This coursework is worth 10\%. It is about a small programming

language called brainf***. The first part is due on 13 December at

11pm; the second, more advanced part, is due on 20 December at

11pm.\bigskip

\IMPORTANT{}

\noindent

Also note that the running time of each part will be restricted to a

maximum of 30 seconds on my laptop.

\DISCLAIMER{}

\subsection*{Reference Implementation}

As usual, this Scala assignment comes with a reference implementation in form of

two \texttt{jar}-files. You can download them from KEATS. They allow you to run any

test cases on your own computer.
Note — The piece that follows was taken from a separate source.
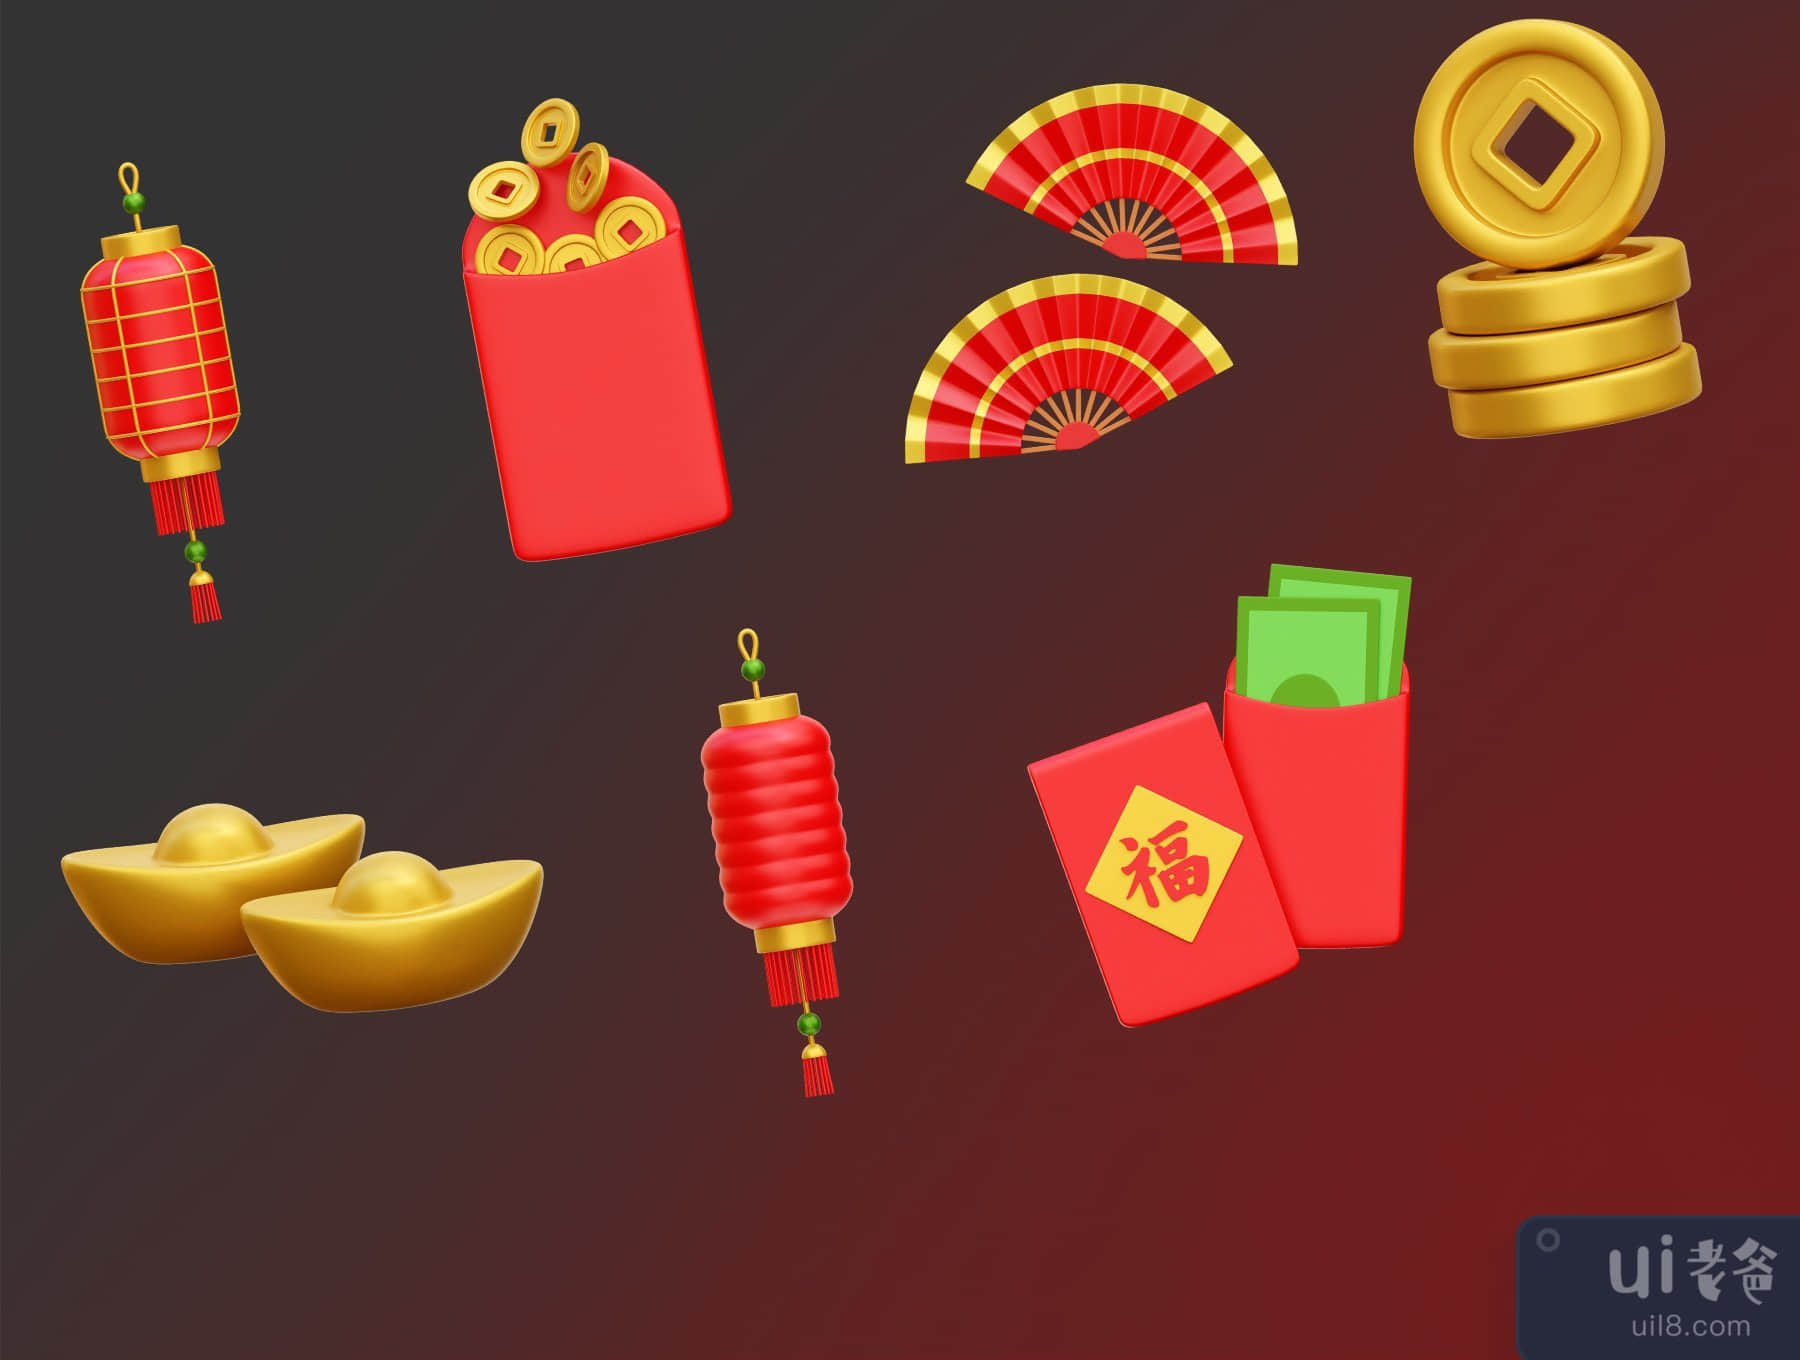 中国新年的3D图标插图 (Chinese New Year 3D Icon Illustrations)插图5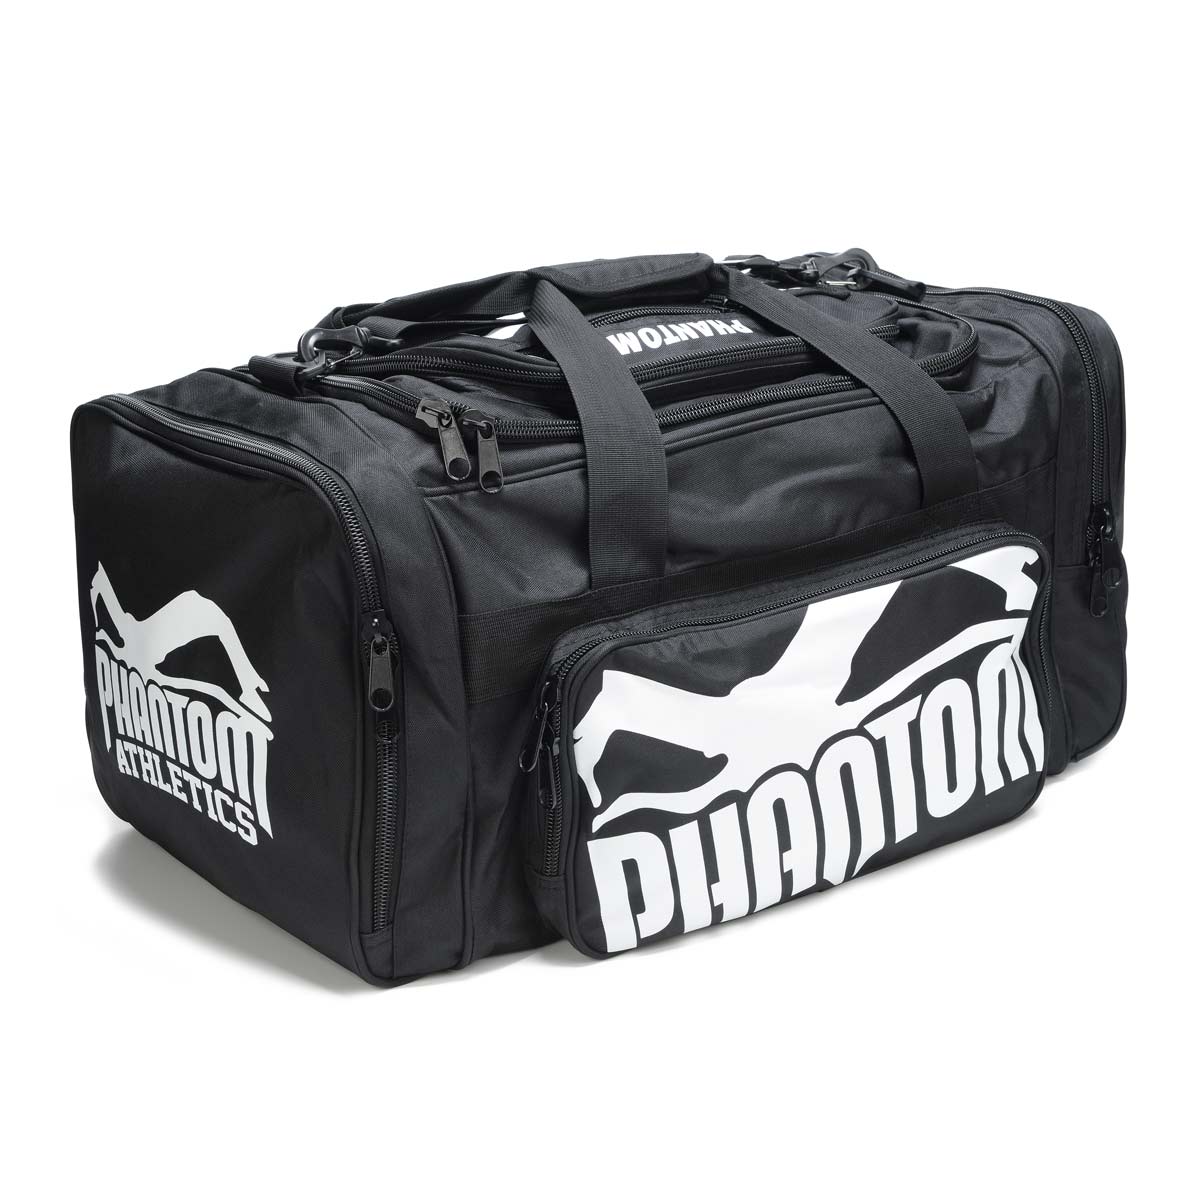 Phantom тренажна торба Теам са доста простора за одлагање ваше опреме за борилачке вештине

For example you can call Scala on the command line with the

option \texttt{-cp bf.jar} and then query any function from the

\texttt{bf.scala} template file. You have to

prefix the calls with \texttt{CW10a} and \texttt{CW10b}, respectively. For example

\begin{lstlisting}[language={},xleftmargin=1mm,numbers=none,basicstyle=\ttfamily\small]

$ scala -cp bf.jar

scala> import CW10a._  

scala> run(load_bff("sierpinski.bf"))

                               *

                              * *

                             *   *

                            * * * *

                           *       *

                          * *     * *

                         *   *   *   *

                        * * * * * * * *

                       *               *

                      * *             * *

                     *   *           *   *

                    * * * *         * * * *

                   *       *       *       *

                  * *     * *     * *     * *

                 *   *   *   *   *   *   *   *

                * * * * * * * * * * * * * * * *

               *                               *

              * *                             * *

             *   *                           *   *

            * * * *                         * * * *

           *       *                       *       *

          * *     * *                     * *     * *

         *   *   *   *                   *   *   *   *

        * * * * * * * *                 * * * * * * * *

       *               *               *               *

      * *             * *             * *             * *

     *   *           *   *           *   *           *   *

    * * * *         * * * *         * * * *         * * * *

   *       *       *       *       *       *       *       *

  * *     * *     * *     * *     * *     * *     * *     * *

 *   *   *   *   *   *   *   *   *   *   *   *   *   *   *   *

* * * * * * * * * * * * * * * * * * * * * * * * * * * * * * * *

\end{lstlisting}%$

\subsection*{Part 1 (6 Marks)}

Coming from Java or C++, you might think Scala is a rather esoteric

programming language.  But remember, some serious companies have built

their business on

Scala.\footnote{\url{https://en.wikipedia.org/wiki/Scala_(programming_language)\#Companies}}

I claim functional programming is not a fad.  And there are far, far

more esoteric languages out there. One is called \emph{brainf***}. You

are asked in this part to implement an interpreter for

this language.

Urban M\"uller developed brainf*** in 1993.  A close relative of this

language was already introduced in 1964 by Corado B\"ohm, an Italian

computer pioneer. The main feature of brainf*** is its minimalistic

set of instructions---just 8 instructions in total and all of which

are single characters. Despite the minimalism, this language has been

shown to be Turing complete\ldots{}if this doesn't ring any bell with

you: it roughly means that every(!) algorithm can, in principle,

be implemented in brainf***. It just takes a lot of determination and

quite a lot of memory resources. Some relatively sophisticated sample

programs in brainf*** are given in the file \texttt{bf.scala}, including

a brainf*** program for the Sierpinski triangle and the Mandelbrot set.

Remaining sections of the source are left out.